Bring the point back to the concept of having an Online Social Presence, the challenge many of us face is not being one dimensional online.  I would contend that it’s natural to leverage a single identify in an online media. I myself have attempted to temper my twitter posts around the topics of technology adoption.  While this may be a broad area, I exert much effort not to tweet about my kids, my fandom for the Kansas City Chiefs, or my experiences at local eateries through this medium.  The root of this intention, I suspect comes from a desire to guard private material from the watchful eyes of those online.  However, as Dawn Foster points out in her post for Gigaom entitled Can You Be Personal and Professional in Social Media?, “many people confused personal and private.”  Being personable, at times means revealing more dimensions of who we are and what influences us.

Ethan Zuckerman is a researcher at Berkman Center for Internet and Society at Harvard University.  In 2010, Mr. Zuckerman gave a presentation at TEDGLOBAL2010 on the subject of “Global Voices“, which is “an international community of bloggers who report on blogs and citizen media from around the world” he co-founded.  In this talk, Mr. Zuckerman makes reference to a term he calls “segregated conversations.”  The reference describes that while the online communities, like tweeter, do have many people from across the globe, the conversations held in these online communities are in fact segregated, because we are choosing who we interact with.  Mr. Zuckerman identifies a problem with social media, more specifically with social searching, stating … “flocking with a lot of people who are similar to you [makes] it’s hard to get information from the other flocks.”  Navigating between the flocks requires what Mr. Zuckerman describes as a “bridge figure”, or someone who can facilitate communication between flocks.

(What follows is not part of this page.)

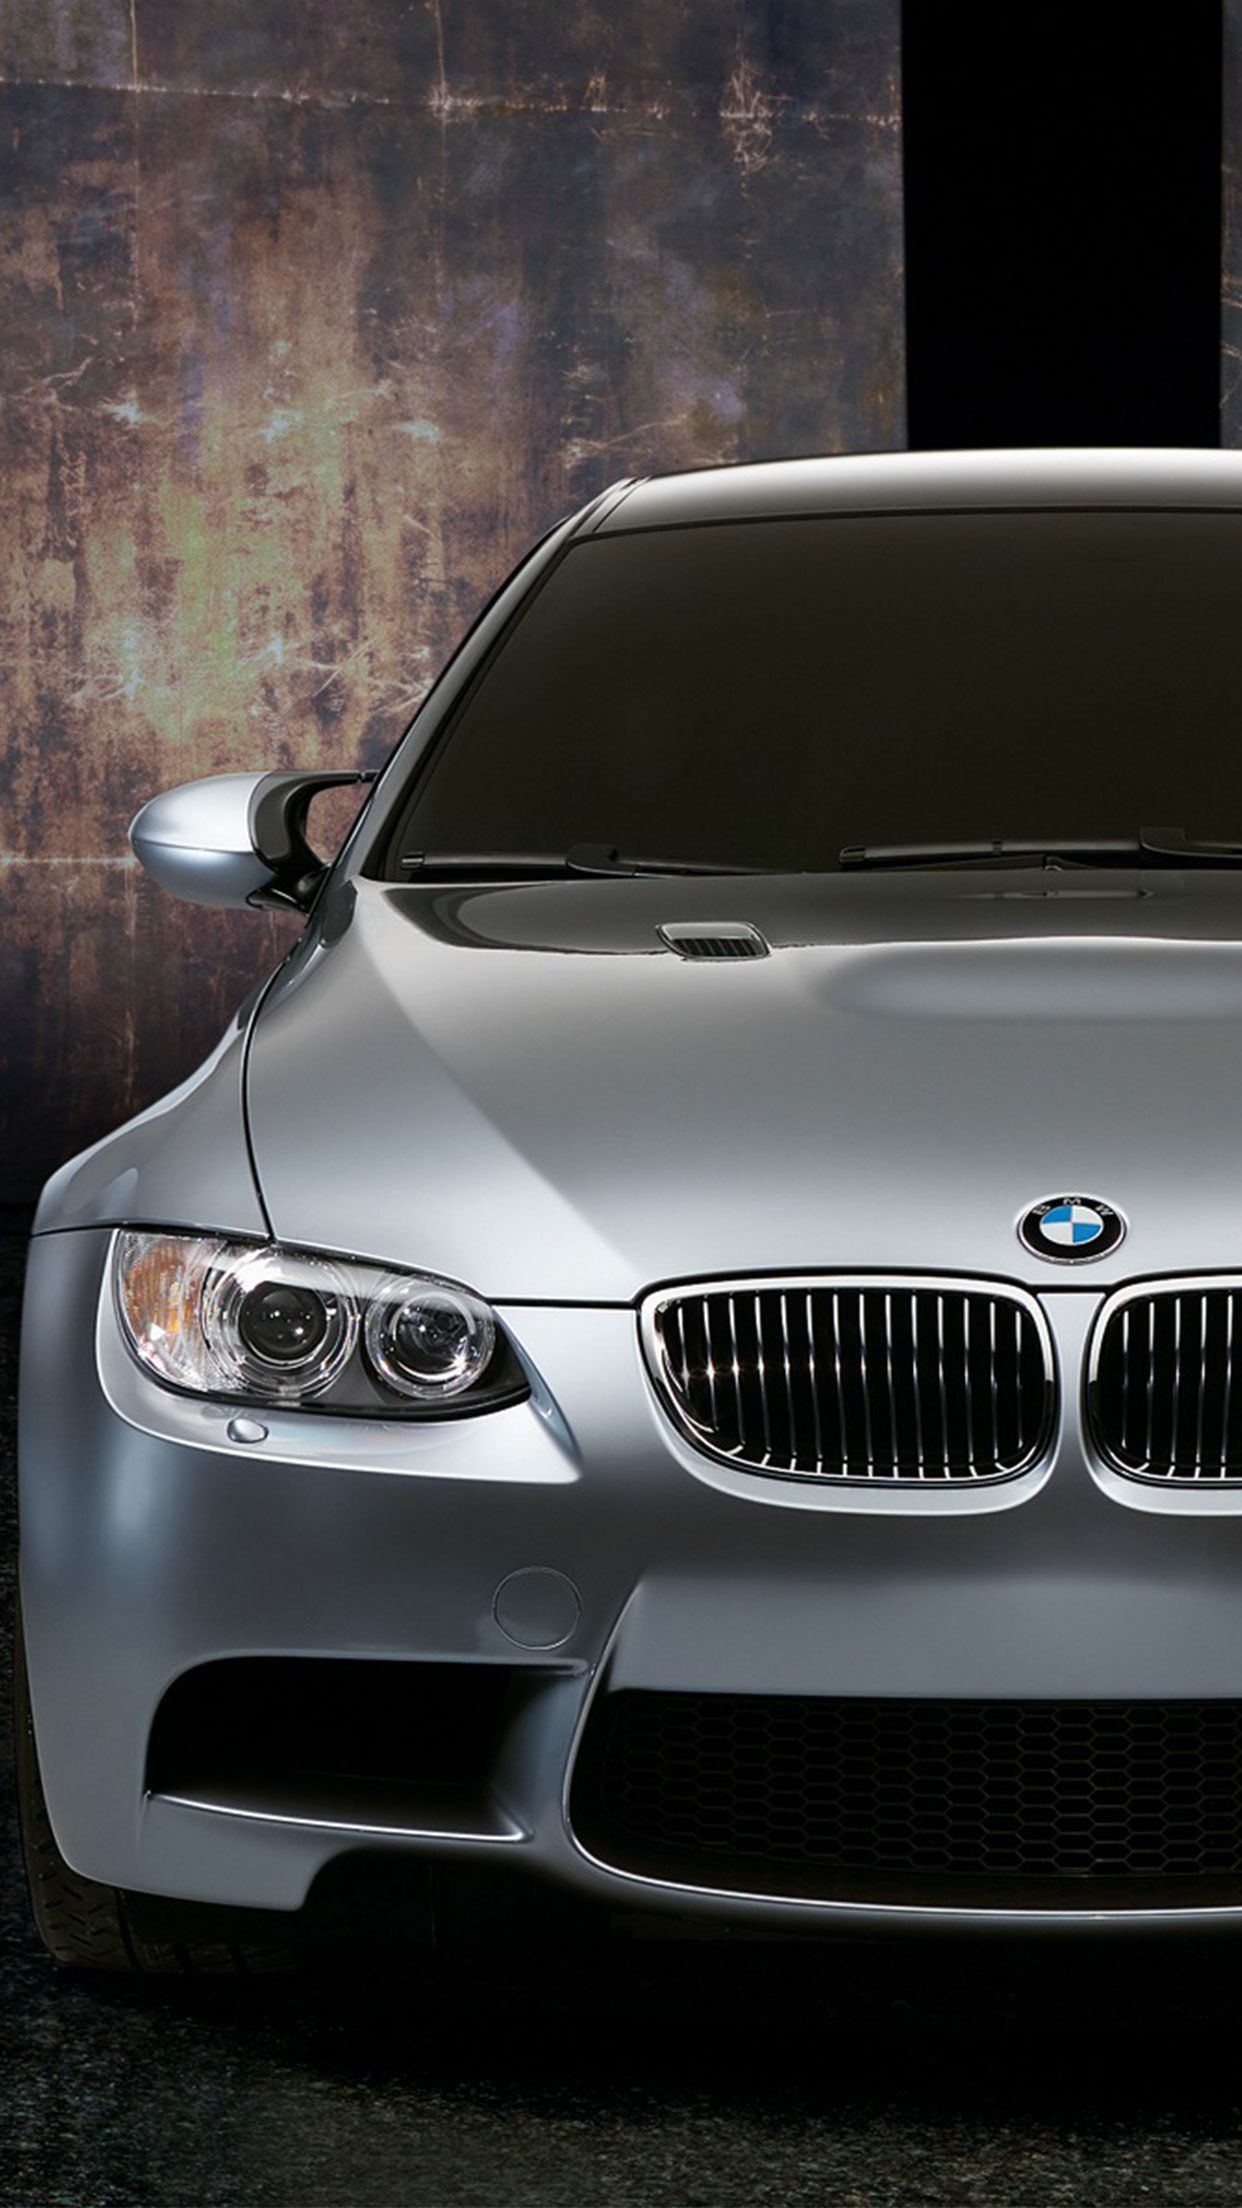 Grey BMW car Wallpaper #iPhone #android #bmw #car #wallpaper more

Chris Brogan echos this sentiment by referencing the concept of Dunbar’s Number.  This “theoretical cognitive limit to the number of people with whom one can maintain stable social relationships” was developed by British anthropologist Robin Dunbar.  The common value attributed to Dunbar’s Number is 150, and the point that Chirs Borgan makes, is that rather than sustaining 150 stable social relationships with individuals similar to ourselves, we should sustain 150 stable social relationships with differing individuals that give us a glimpse or conduit into “a bunch of different threads”.

Both Mr. Zuckerman and Mr. Brogan are challenging us to be multi-dimensional.  Not only in our online communications, but also in those we interact with online.  We can be “bridge figures” as well as we can connect to other “bridge figures”.  Being multi-dimensional adds value to our online presence.  It provides a fuller picture of who we are, who we interact with, and what is it that motivates us.  Leveraging our passions, explaining our perspectives, referencing our heritage can come together to provide others with a deeper understanding what cultivates, nourishes, and drives us as individuals.  It’s a challenge that I’m slowly coming to accept and be convicted about.  I hope you too will share the journey.